Gain eDRAM memory cell structure

Technical field

The invention belongs to memory technology field, propose one and improve gain-type eDRAM device architecture.

Background technology

As shown in Figure 1, be the 2T Gain Cell eDRAM unit of intel.This Gain Cell eDRAM 100 comprise write MOS transistor 101, read MOS transistor 102, write word line (Write Word Line, WWL) 105, readout word line (Read Word Line, RWL) 106, write bit line (Write Bit Line, WBL) 107, sense bit line (Read Bit Line, RBL) 108 and equivalent parasitic capacitances 104 (equivalent parasitic capacitances does not exist as an individual devices, just schematically illustrates separately in figure).Wherein, the drain region writing MOS transistor 101 is connected to the grid reading MOS transistor 102, and MN point 103 is memory node, equivalent parasitic capacitances 104 one end is connected with 103, other end ground connection, therefore, the high low energy of the current potential of MN point controls conducting and the shutoff of reading MOS transistor 102; Such as, during electric capacity 104 stored charge, representative stores " 1 ", and MN point 103 is noble potential, can control to read MOS transistor 102 and turn off.Read a termination RBL of MOS transistor 102, another termination RWL; Write a termination WBL of MOS transistor 101, another termination reads the grid of MOS transistor 102.Normally, equivalent parasitic capacitances 104 namely for writing the active area stray capacitance stray capacitance of drain region (also) of MOS transistor 101 or reading the gate capacitance of MOS transistor 102, also or both combinations.This storage unit is based on standard logic process, and its leakage current path has three:

1, by the sub-threshold leakage 110 of gate tube 101;

2, the PN junction electric leakage 111 at storage node 104 place;

3, by the electric leakage 112 of the grid oxygen of 101 and 102.

According to document analysis and device simulation, wherein sub-threshold leakage 110 and PN junction electric leakage 111 are chief components of leakage current.This unit Problems existing leaks electricity relatively seriously, and data hold time is too short, adopt standard logic process to only have the data hold time of about 10us, thus refreshing frequency is very high under 65nm, and power consumption increases.
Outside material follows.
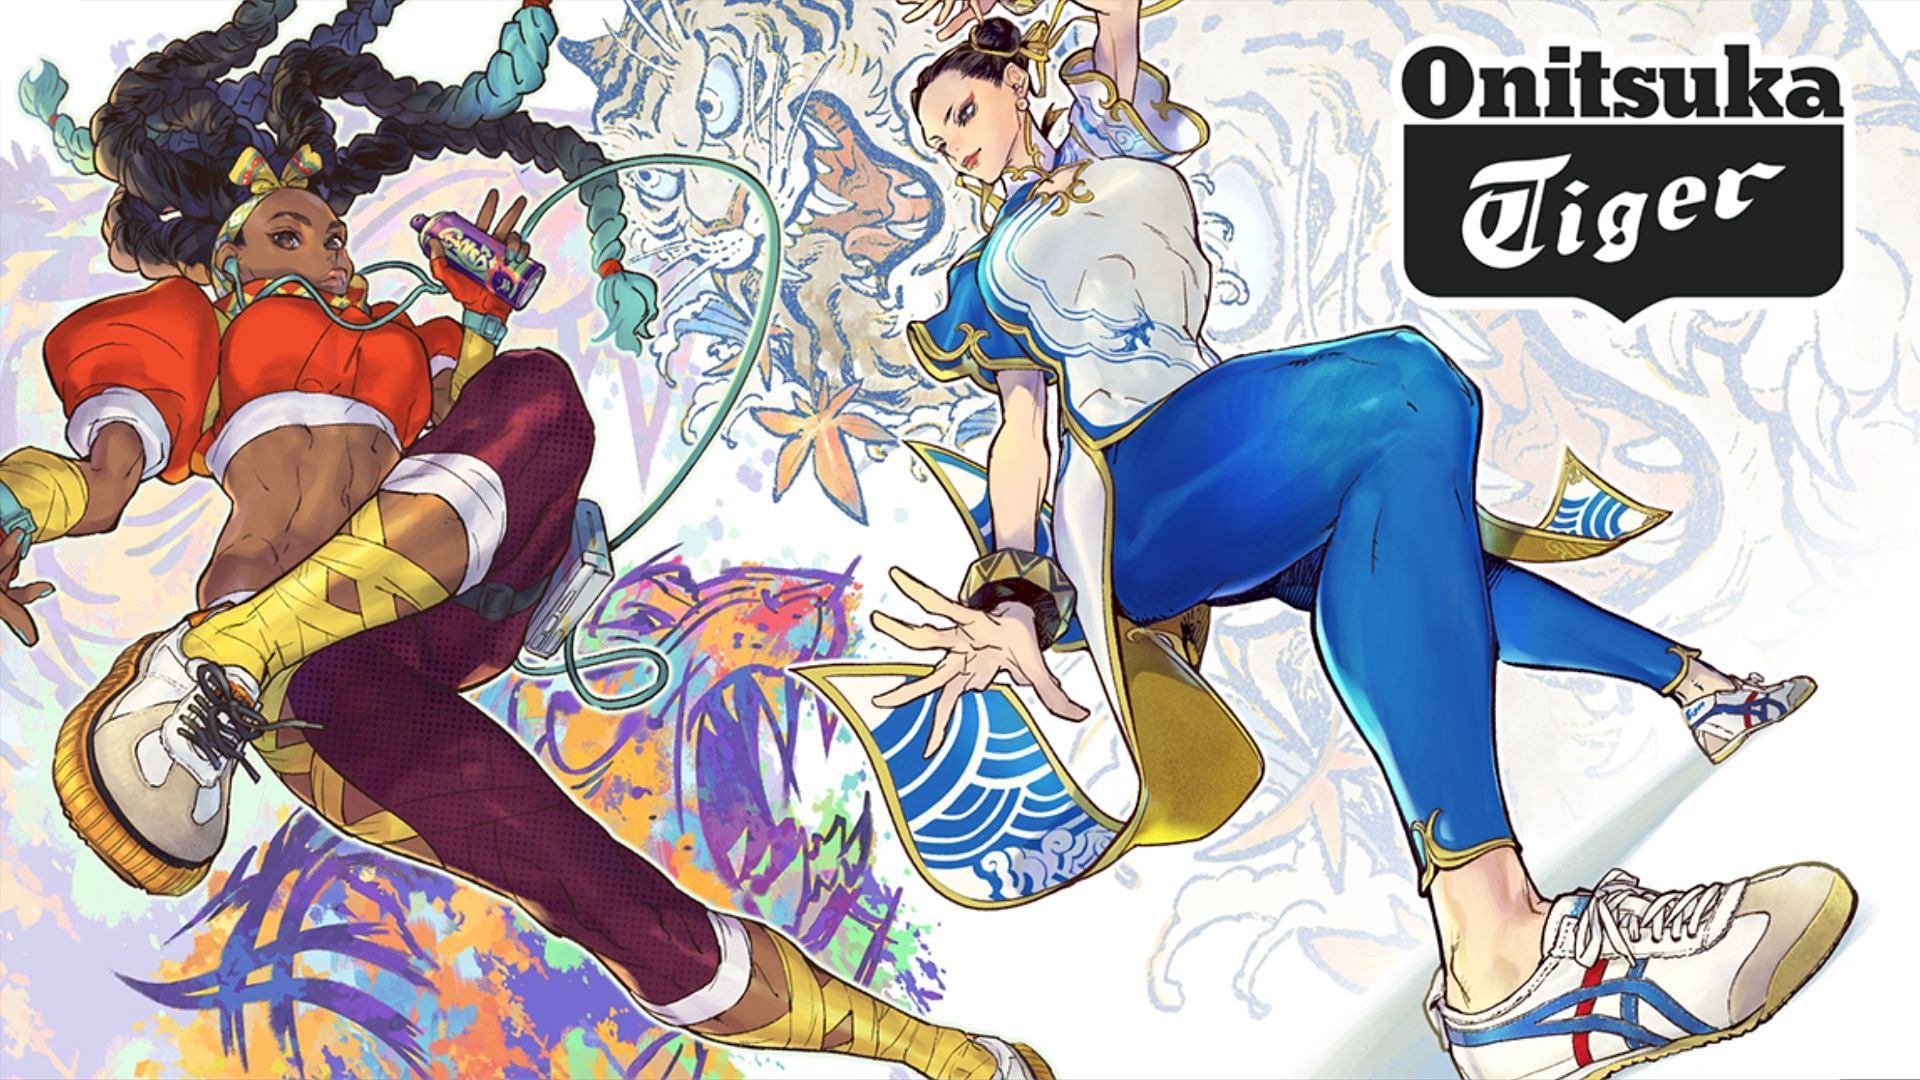 Capcom adds new Street Fighter x Onitsuka Tiger collaboration-themed cosmetics in Street Fighter 6 (Image via Capcom)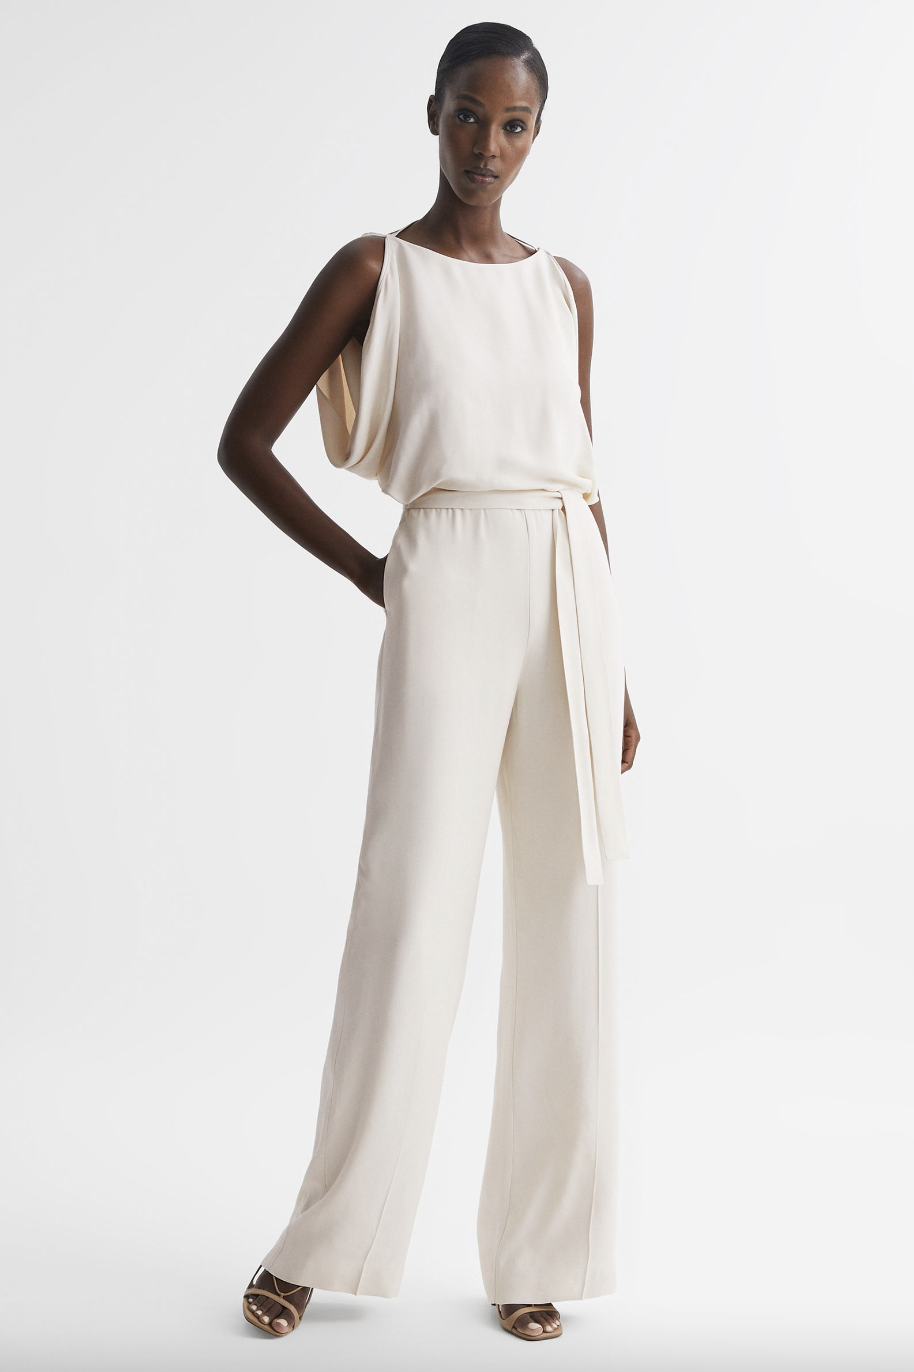 White Bridal Jumpsuits For Every Wedding Or Pre-Wedding Event

As shown in Figure 2, the domain of 2T Gain Cell eDRAM unit.The wherein active area of 201 representative write pipes 101, the grid of 202 representative write pipes, the active area of pipes 102 is read in 205 representatives, and the grid of pipes is read in 206 representatives, to be connected jointly to form storage node 204 by the grid 206 reading pipe and the drain region 203 that writes pipe by metal wire 207.The size of storage node 204 place electric capacity and leakage current determine the length of the time data memory of this storage unit jointly, thus determine the speed of refreshing frequency and the size of power consumption.And such memory capacitance formed with metal-oxide-semiconductor active area electric capacity and gate capacitance is quite little, so its data hold time is shorter, refreshing frequency requires higher.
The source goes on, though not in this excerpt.